Influencer de manière non anecdotique le programme de tel ou tel candidat sur telle ou telle question économique ou sociale, nécessite une condition préalable : c’est que le candidat concerné soit convaincu du poids de celui qui veut l’influencer sur le vote des électeurs. Autrement dit, l’influence sur l’électorat constitue une condition préalable pour exercer une influence sur les principaux candidats à l’élection majeure que constitue l’élection présidentielle. C’est encore le cas des syndicats dans certains pays du Nord de l’Europe. Mais en France ? Ici, à cause des clivages qui les opposent dans l’espace public, à cause de leurs divisions y compris à la base dans les entreprises, à cause du sentiment qu’ils donnent d’être de plus en plus éloignés des aspirations et des attentes des salariés et surtout des jeunes salariés, les syndicats demeurent dans une situation critique. Comme le montre depuis plusieurs années déjà le « Baromètre annuel de la confiance politique » établi par le CEVIPOF, ils pâtissent en effet auprès des salariés et des Français en général, d’un sentiment élevé de défiance.
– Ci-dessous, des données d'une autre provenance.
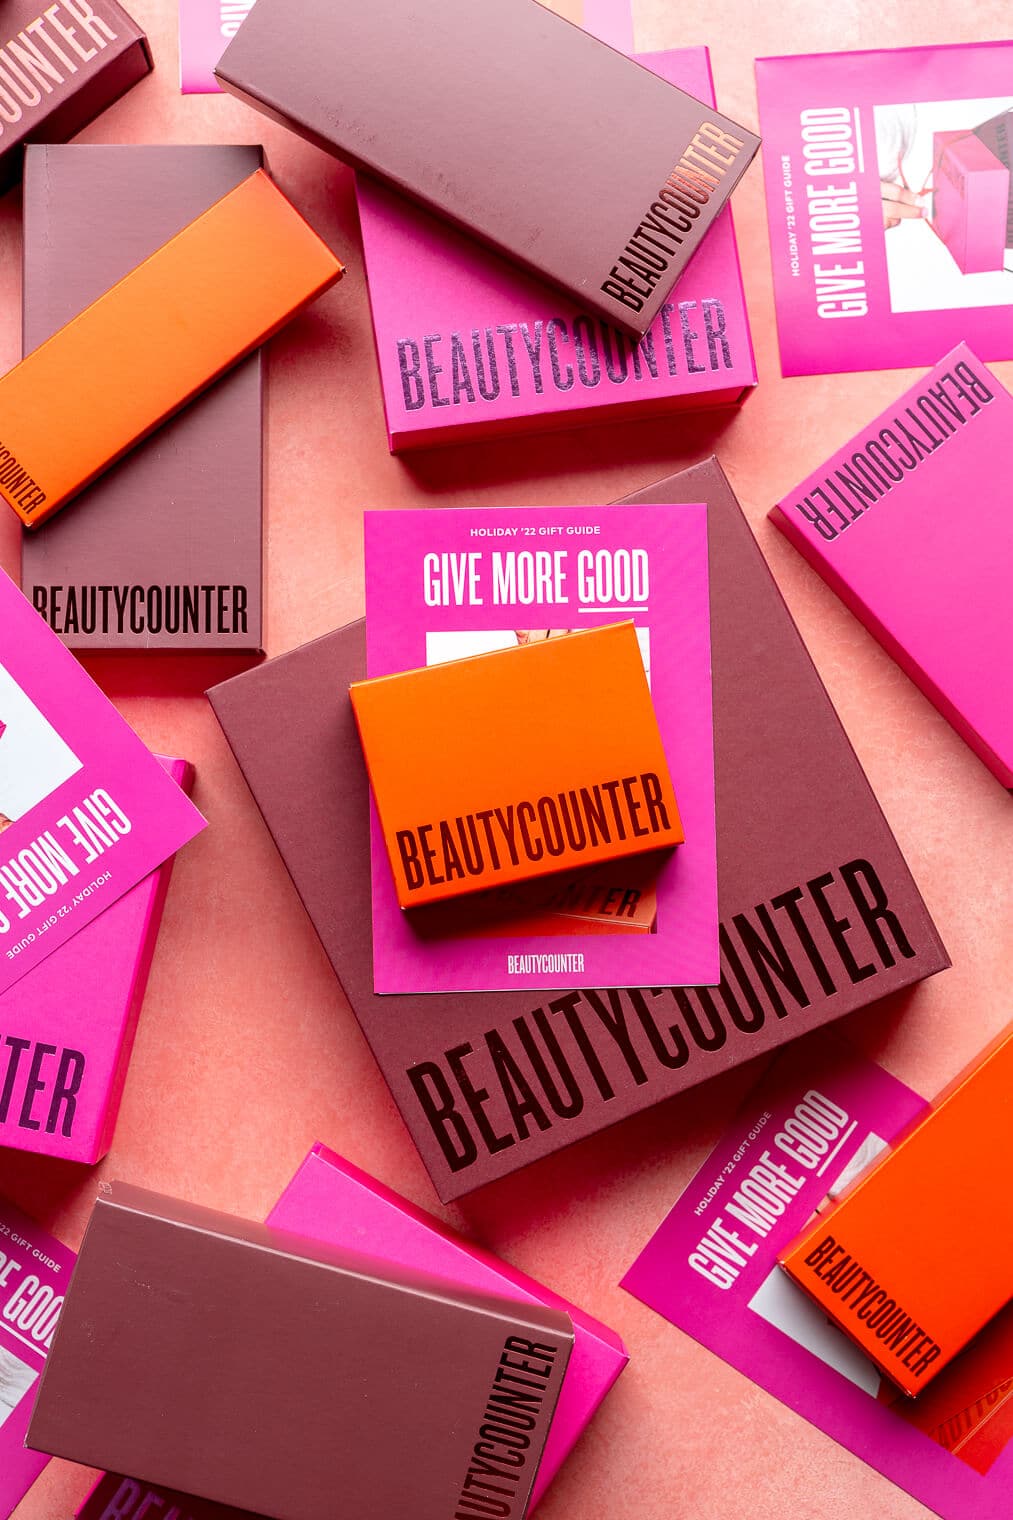 Top down view of Beautycounter limited edition sets in boxes on a pink blush surface. The boxes are of varying sizes and are maroon, red, and bright fuchsia in color.

De façon régulière, les syndicats font partie des institutions qui disposent des taux de confiance les plus faibles autour de 30% seulement, bon an mal an. Dès lors, comment pourraient-ils susciter la confiance des grands candidats à l’élection présidentielle alors qu’ils ne disposent pas vraiment de celle des salariés et plus largement des Français ? C’est la question qui marque aujourd’hui les rapports entre « le politique » et les syndicats sur le terrain de l’élection et des choix qu’elle suscite. Et il s’agit d’une question d’autant plus importante que les divisions extrêmes qui ont marqué le syndicalisme au printemps dernier, risque de perpétuer voire d’aggraver le sentiment de défiance qu’expriment les salariés et l’opinion publique à son égard.